What you should do: Please restate each line of the data below exactly. Omit all images.

Stored data:
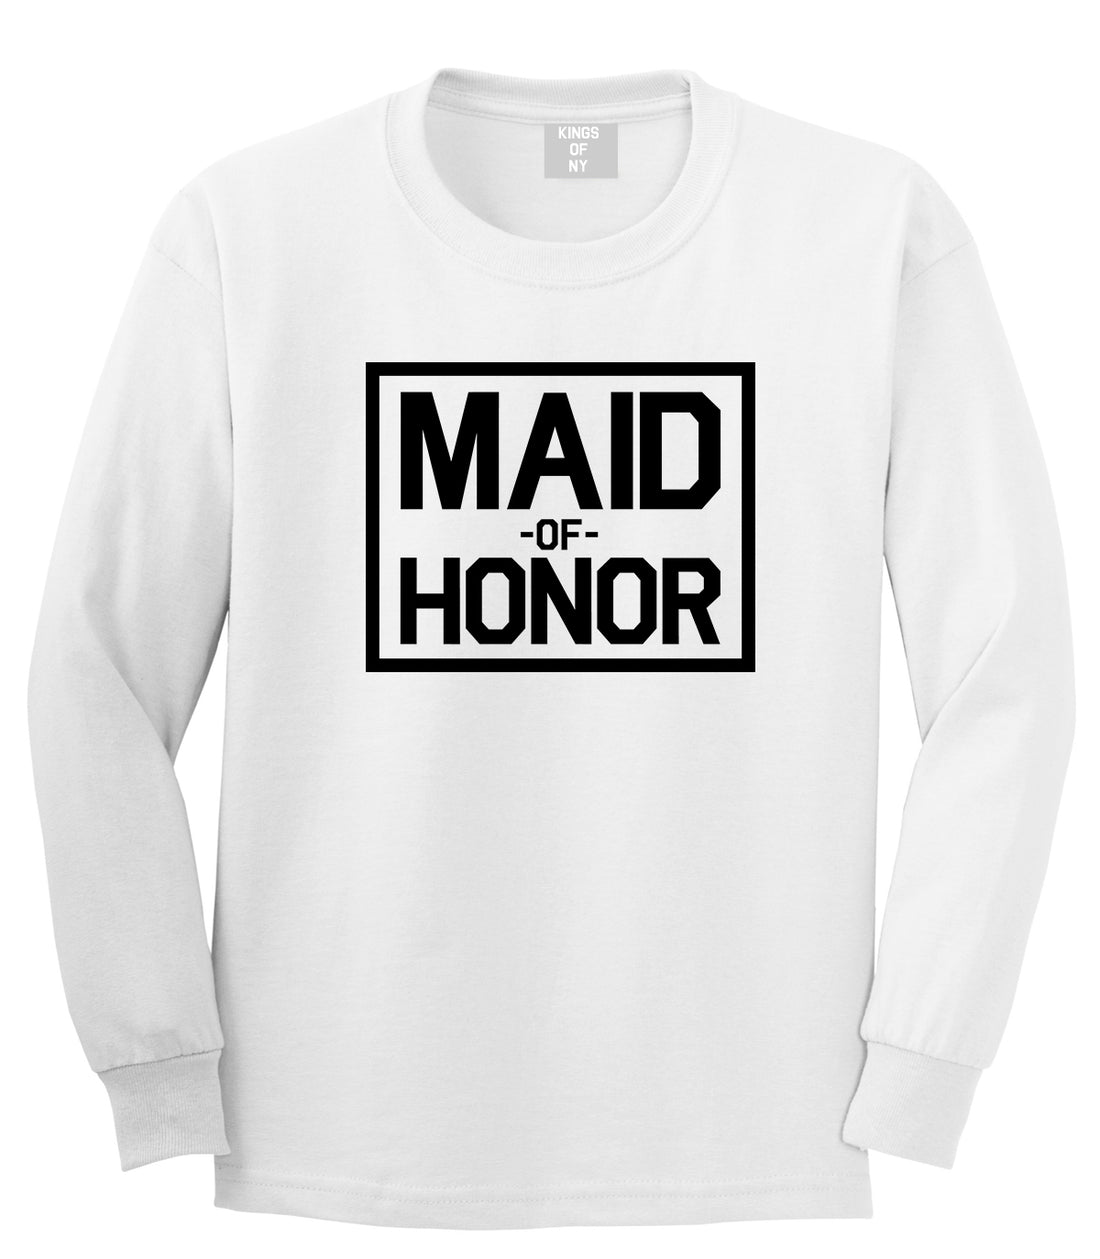 Maid Of Honor Wedding Mens White Long Sleeve T-Shirt by Kings Of NY
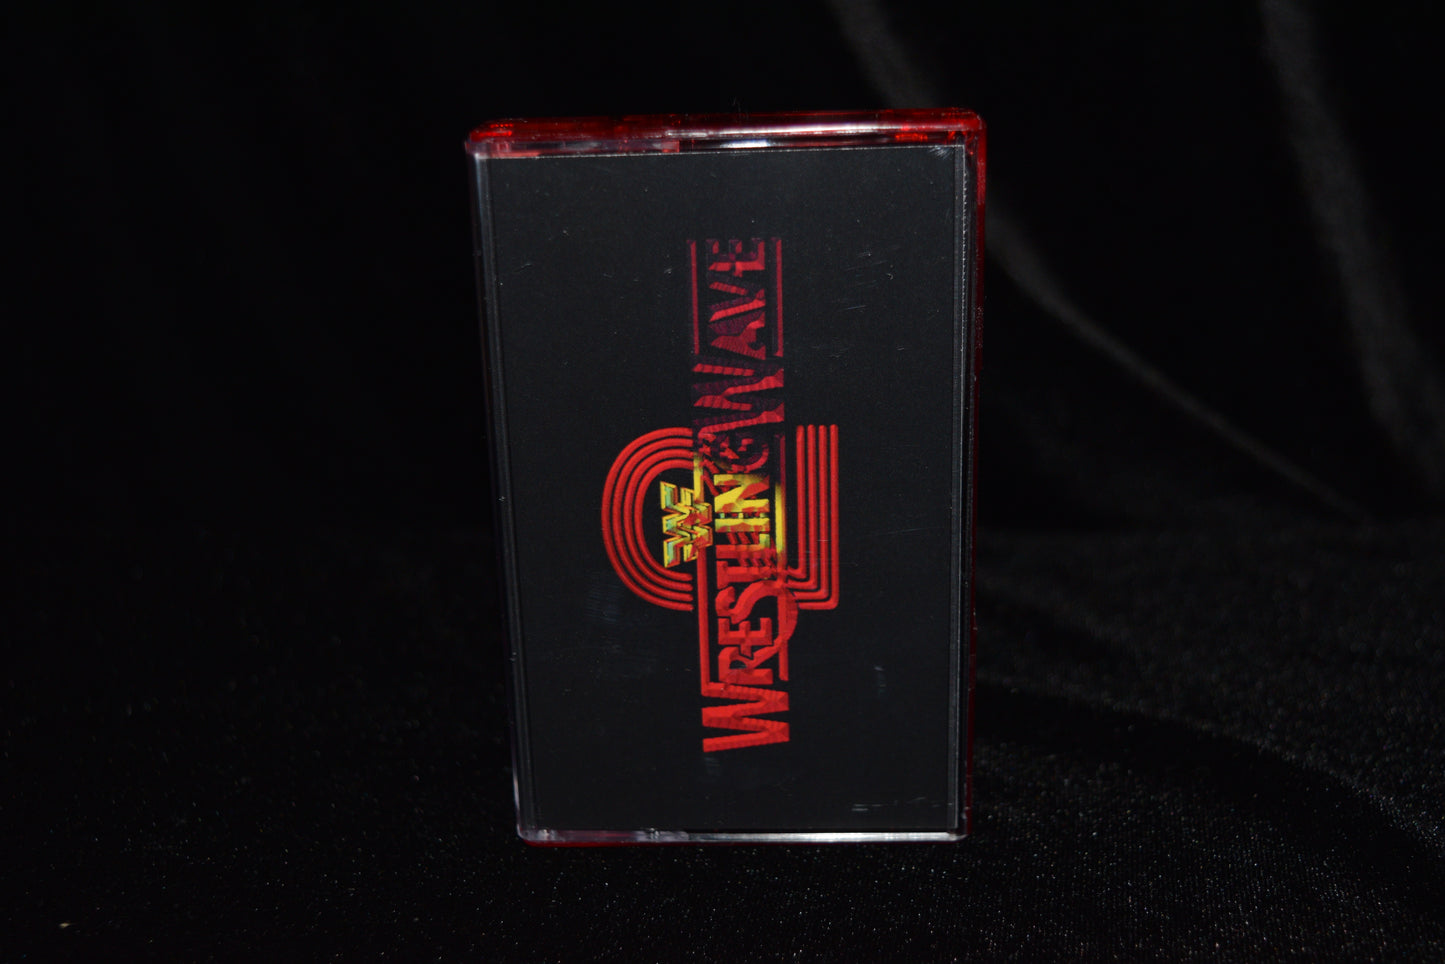 Wrestling Wave 2 Limited Through The Black Curtain Edition Cassette
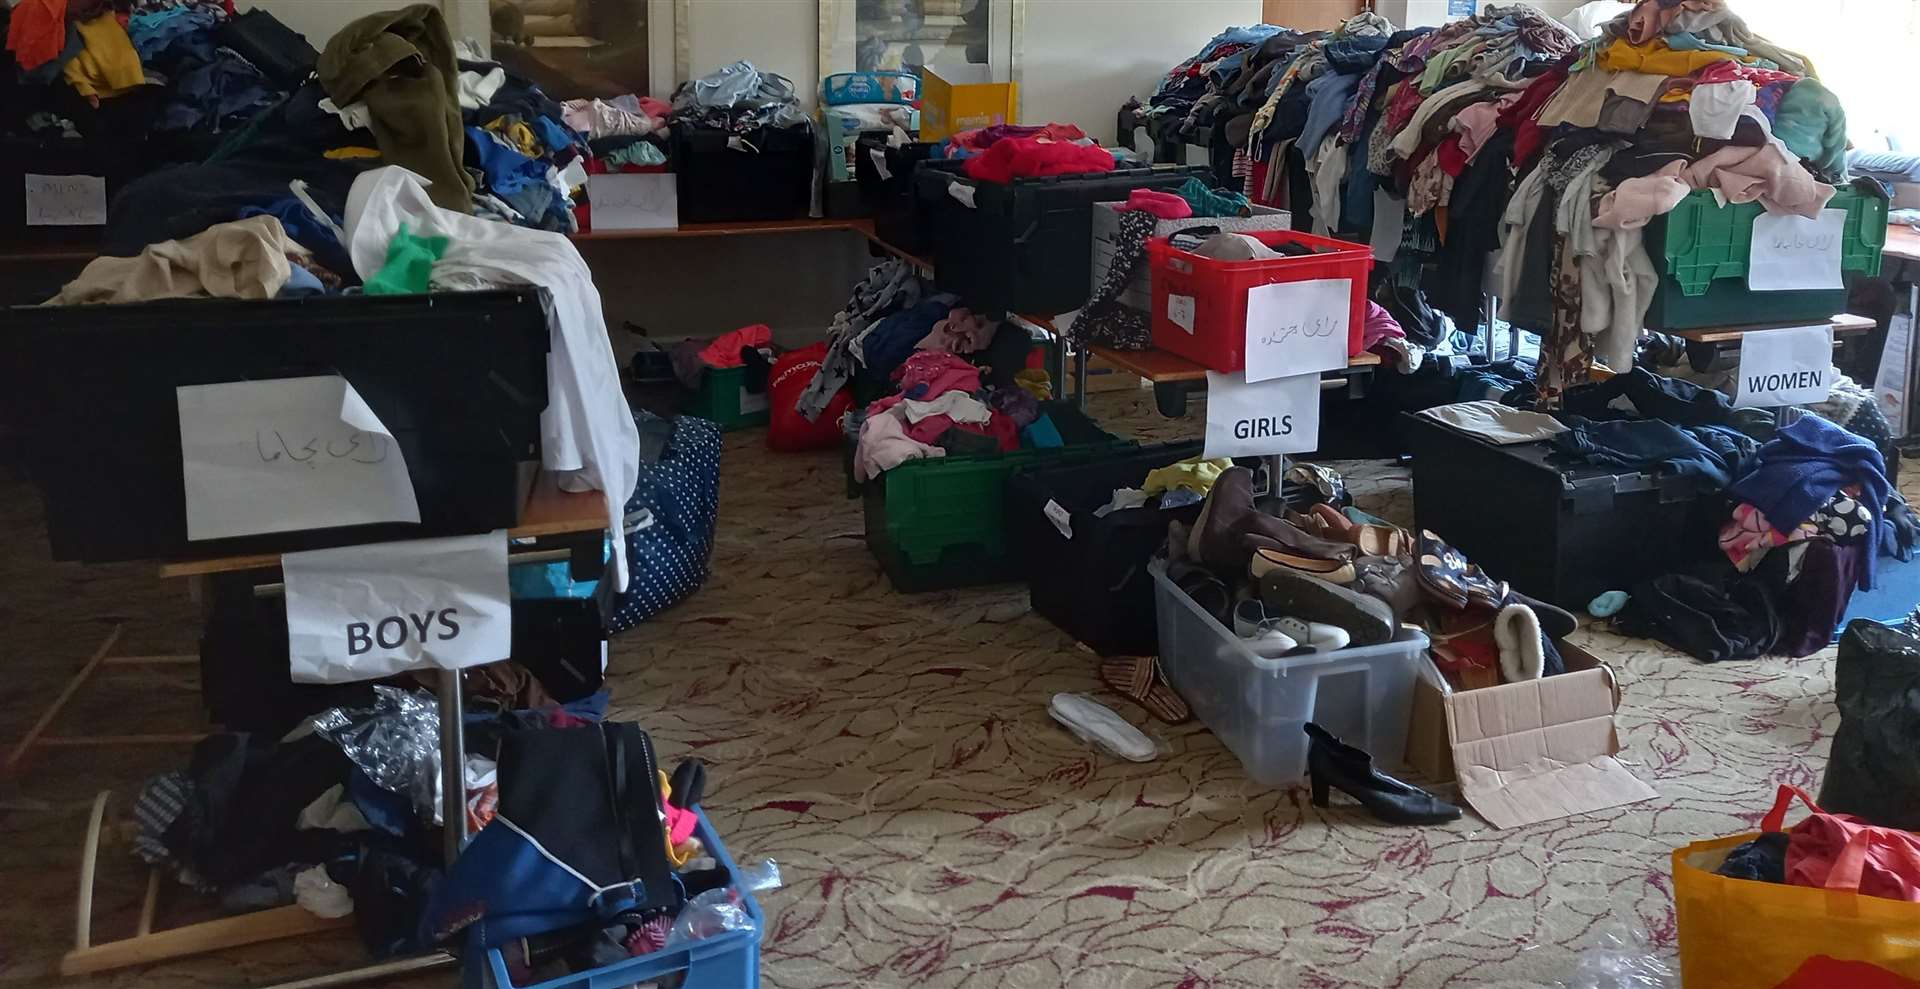 Donations for the refugees are piling up in Ashford
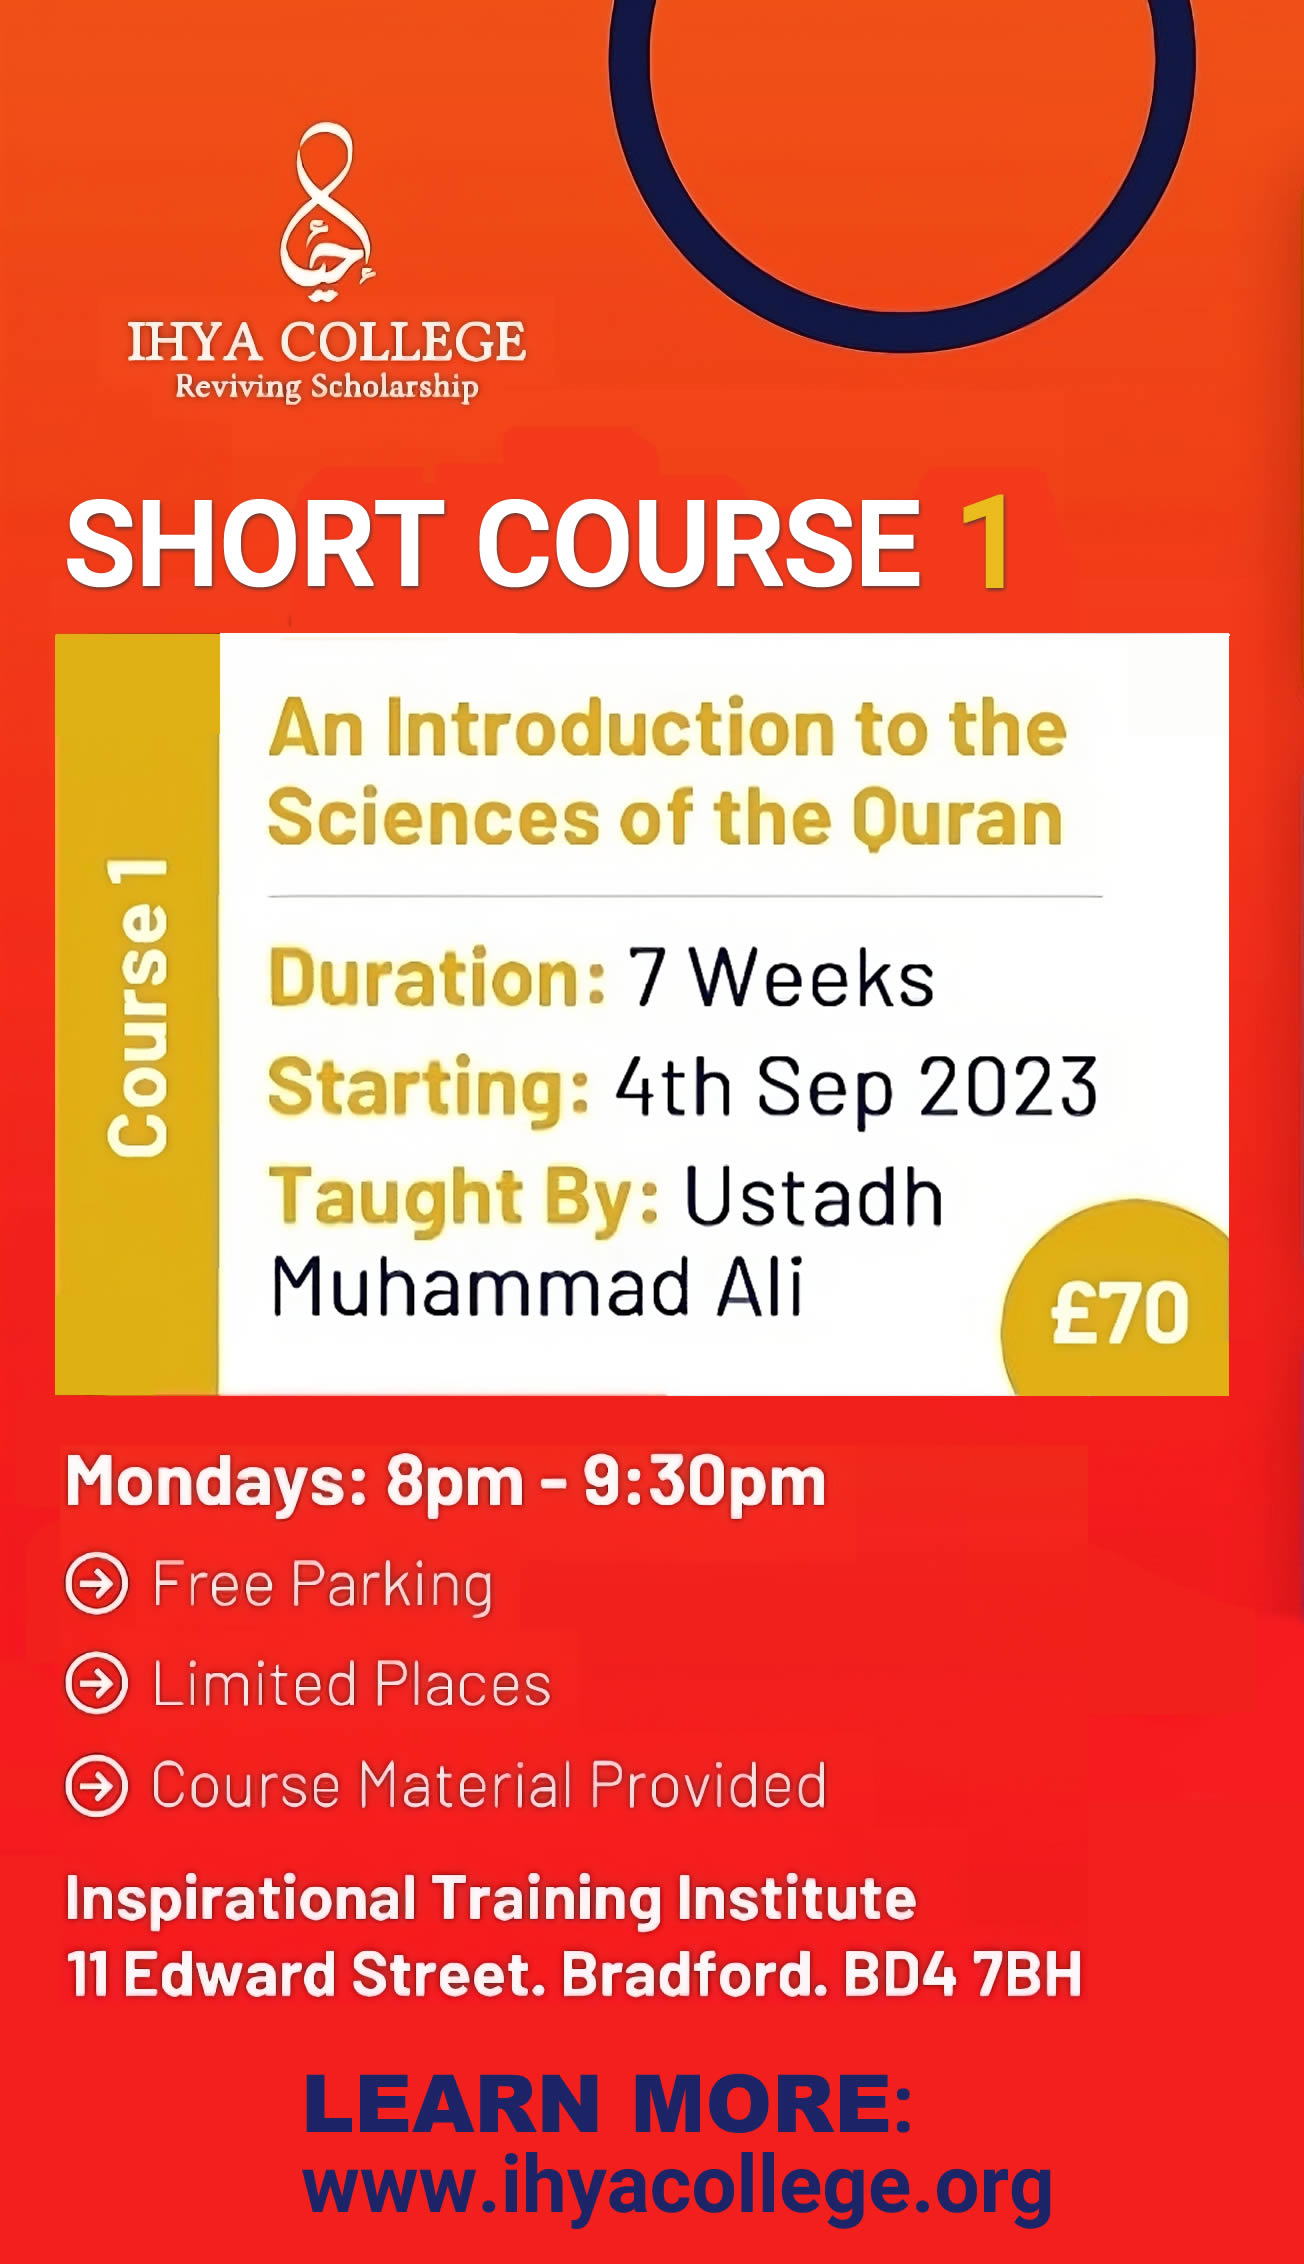 Introduction to the Science of the Quran - Ihya College short course

Solution to this exercise:
 Maid Of Honor Wedding Mens White Long Sleeve T-Shirt by Kings Of NY
 Wrestling Wave 2 Limited Through The Black Curtain Edition Cassette
 Donations for the refugees are piling up in Ashford
 Introduction to the Science of the Quran - Ihya College short course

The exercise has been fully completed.